Au cours des deux prochaines décennies, 26% des Basques, les baby-boomers, auront plus de
65 ans. Notre société doit se préparer pour la première fois à une situation où ceux qui ont
aujourd’hui 50 ans devront prendre soin de leurs parents plus longtemps qu’ils ont soigné leurs
enfants. Sans un changement majeur dans nos politiques sociales et dans nos concepts de
vieillissement, il nous sera impossible de faire face à la situation sociale actuelle.
Ce document propose quoi faire et comment tendre dans cette direction en Euskadi.
La médecine et les sciences biologiques des prochaines décennies apporteront de nouvelles
découvertes. Beaucoup d’entre elles permettront de sauver des vies et seront fondamentales pour
les malades chroniques. Cependant, il y a deux autres domaines majeurs qui vont bouleverser la
santé avec la même intensité que le progrès biomédical, qui sauveront également de nombreuses
vies et qui sont tout aussi essentielles pour les malades chroniques : les progrès en matière de
technologie de l’information et d’organisation des services.

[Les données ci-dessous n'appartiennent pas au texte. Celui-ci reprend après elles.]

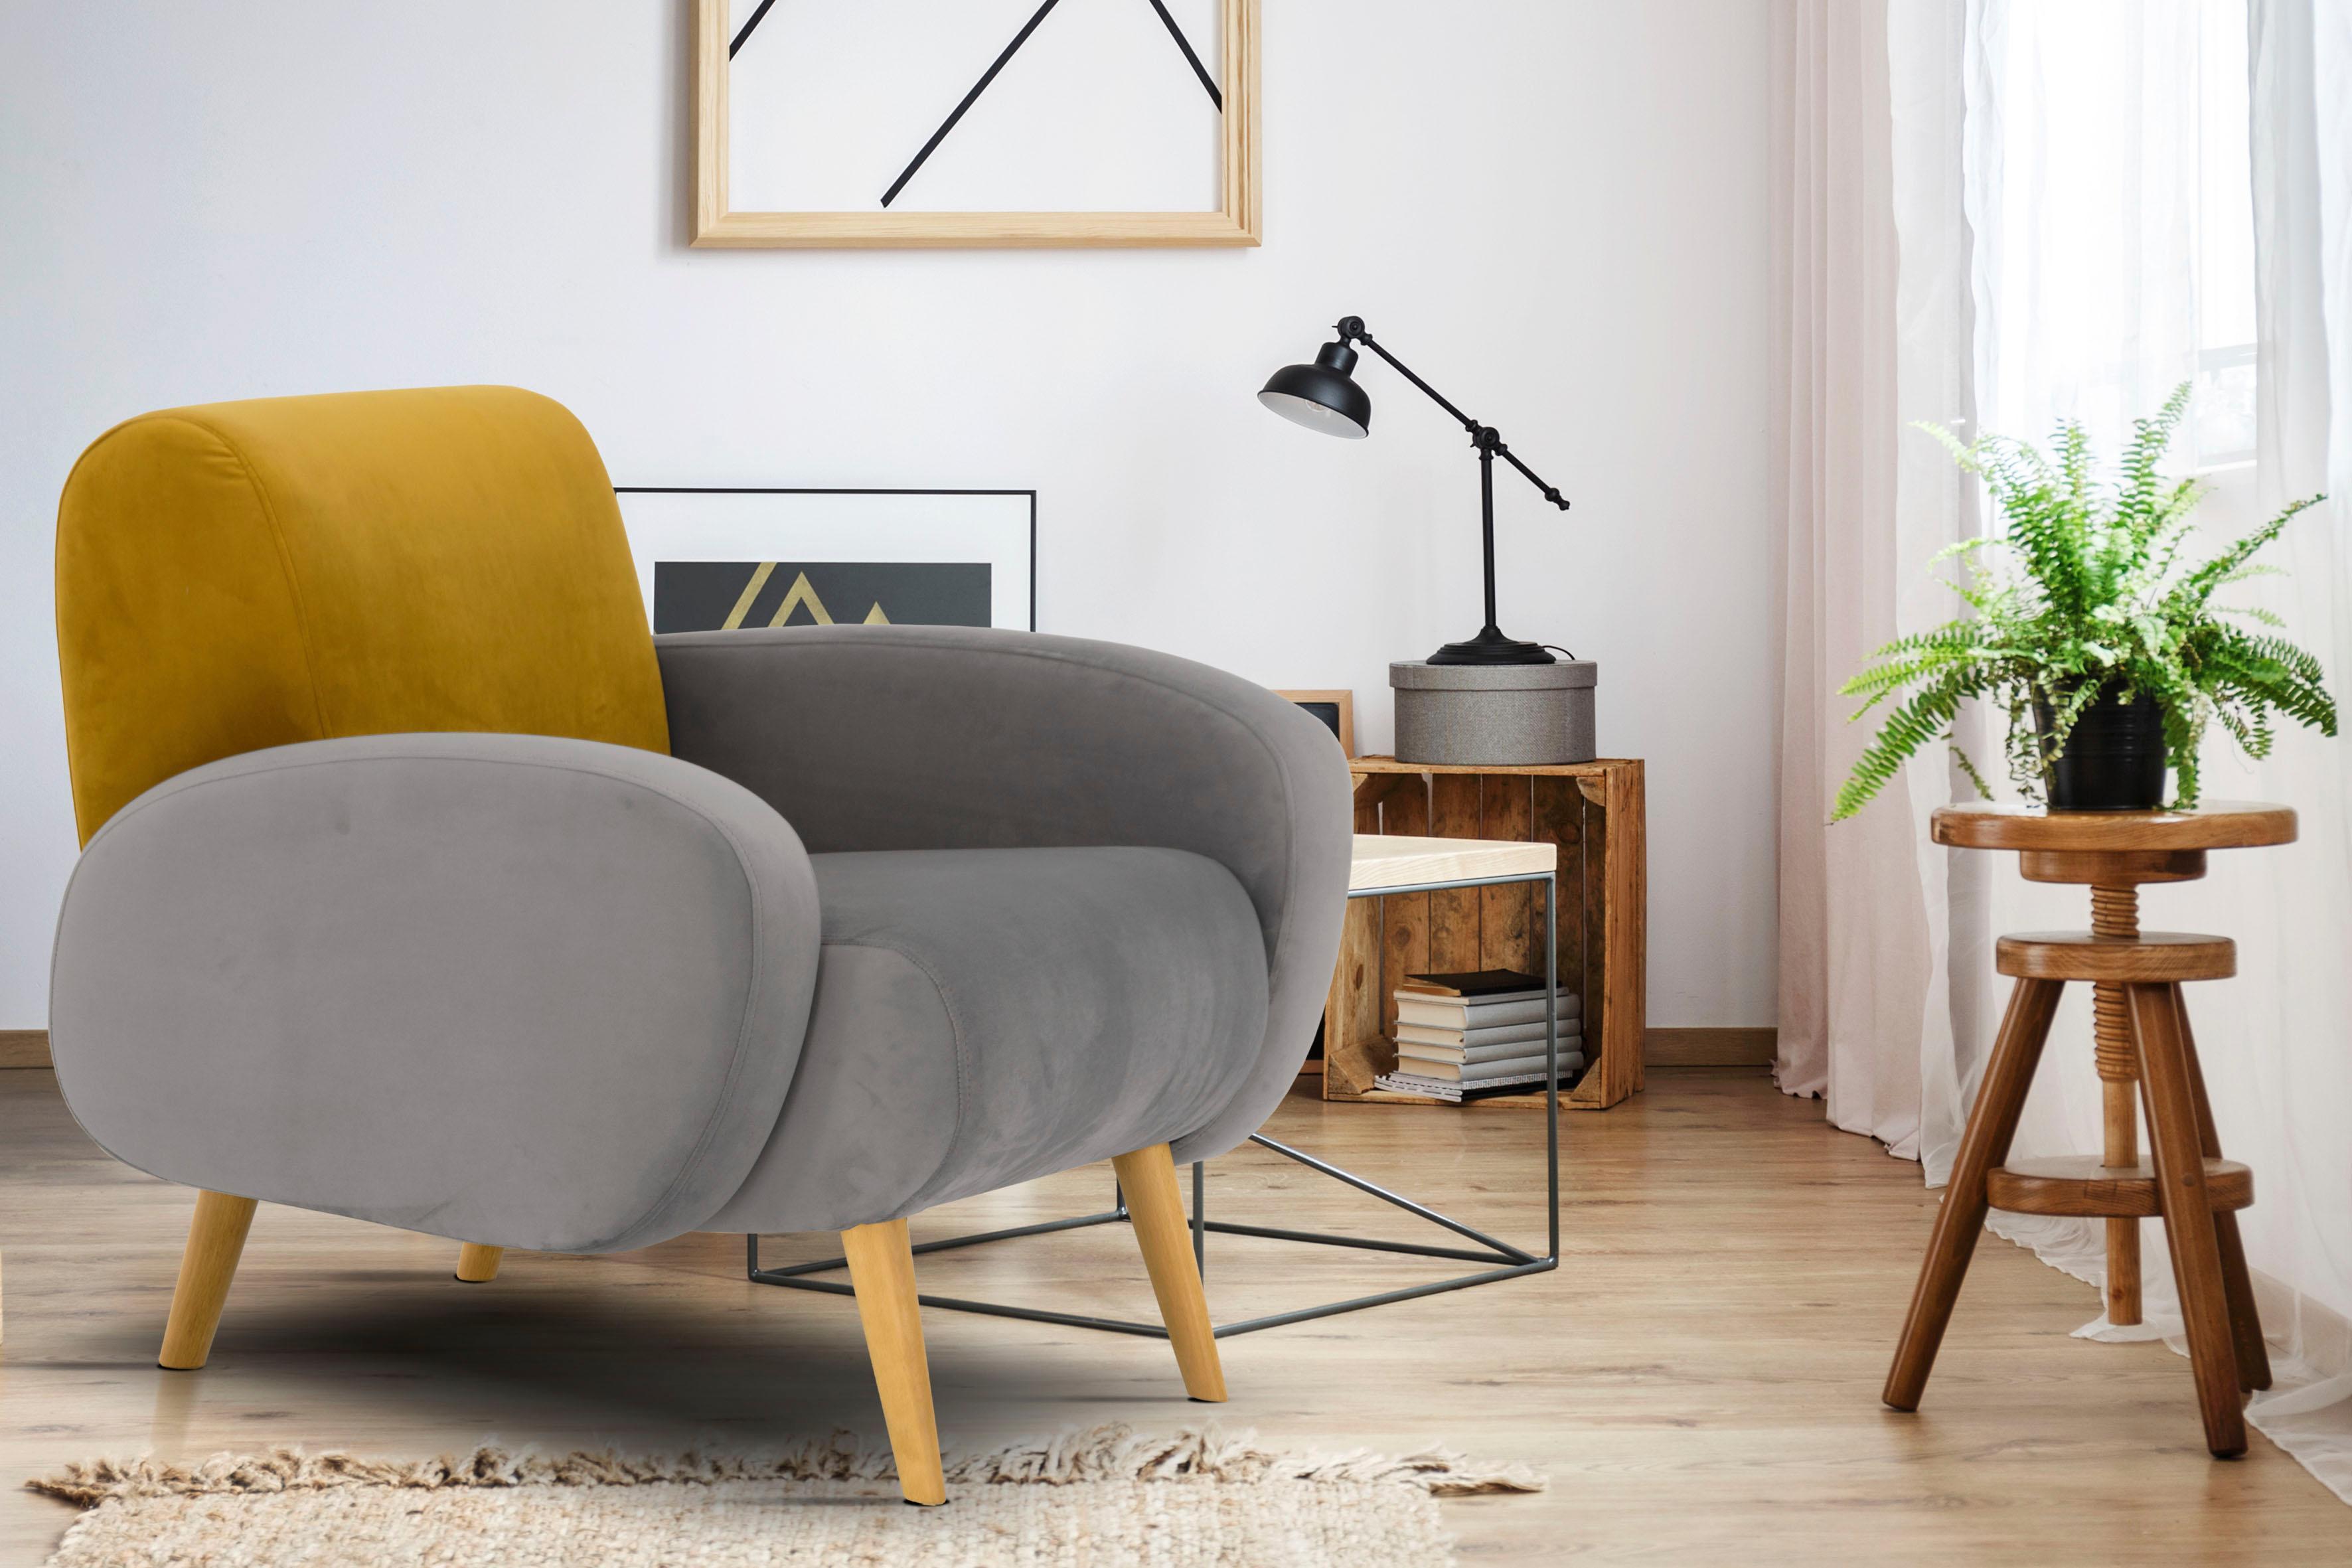 Home affaire Sessel Tox in außergewöhnlicher stylischer Optik

La stratégie exposée dans le présent document accorde la même valeur à ces progrès qu’au progrès
biomédical, car les biosciences à elles seules sont insuffisantes pour affronter l’enjeu de la chronicité
dans nos sociétés.
Nous ne proposons aucune recette magique, mais un progrès organisé à l’aide de multiples leviers
de changement. Il ne suffit pas de modifier le système d’incitations. Il faudra investir en technologies
de l’information, apprendre aux patients à gérer leur maladie, à promouvoir une meilleure médecine,
reposant sur l’évidence, et intégrer les services de soins primaires, hospitaliers et sociaux. Et il est
nécessaire d’activer tous ces leviers à la fois. Leur activation organisée permettra de disposer de
toute un série d’outils nécessaires pour provoquer les changements nécessaires, que nous
présentons ici comme des interventions stratégiques qui nous permettront de relever le défi le plus
complexe et important des dernières décennies : organiser un système de santé décent pour les
malades chroniques, l’enjeu majeur du XXIe siècle.

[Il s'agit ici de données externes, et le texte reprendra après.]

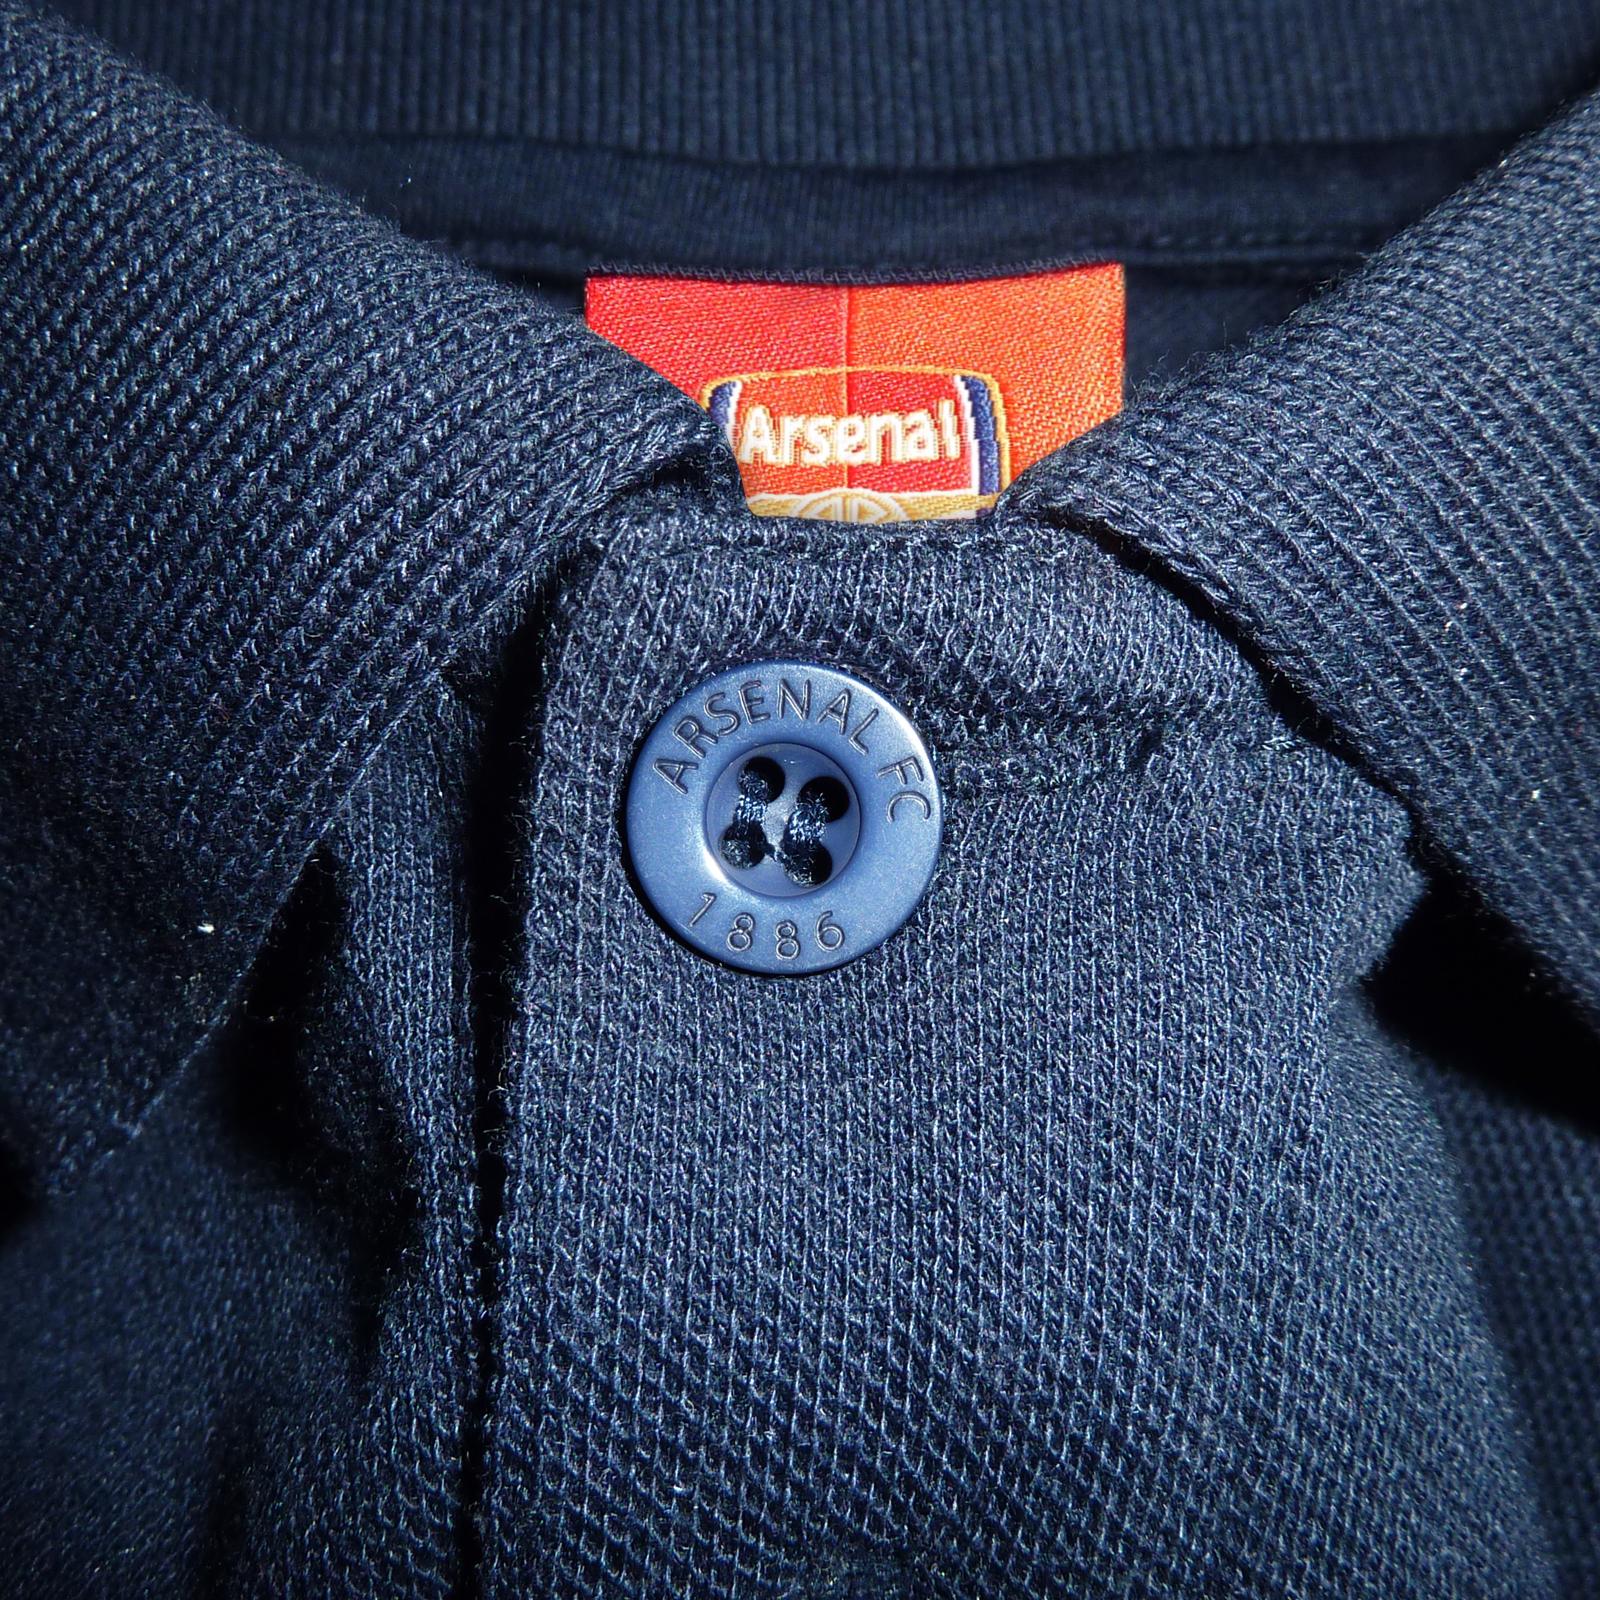 Arsenal Football Club Official Soccer Gift Kids Crest Long Sleeve Raglan T-Shirt

Par ailleurs, il est nécessaire de changer certains concepts de gestion et de leadership. Il s’avère
impossible d’améliorer les performances du système en se concentrant uniquement sur les
performances internes des services assistanciels. Améliorer la coordination entre eux est encore
plus important. Les soins primaires, les hôpitaux et les services sociaux sont interdépendants. Il
est indispensable de trouver des formules plus collaboratives et coordonnées. C’est cette
collaboration, qui permettra des améliorations pour les malades chroniques et une plus grande
efficacité, qui assurera la pérennité du système de santé. Pour ce faire, il faudra passer de la gestion
de structures à la gestion de systèmes de santé intégrés, notamment au niveau local.
Rien de tout cela ne sera possible en exerçant le même type de leadership que dans le passé. La
complexité du changement exige de développer, dans cette décennie, un leadership différent en
soins de santé. Pour réaliser l’alignement nécessaire entre le domaine opérationnel local et corporatif,
il faut miser sur un leadership davantage distribué, dans lequel les gestionnaires créent les conditions
pour promouvoir une innovation organisationnelle émergente parmi les professionnels de la santé
et les responsables locaux. C’est au niveau local que se produiront les principales innovations
nécessaires pour les malades chroniques. Et c’est à ce niveau qu’il convient d’activer le radar.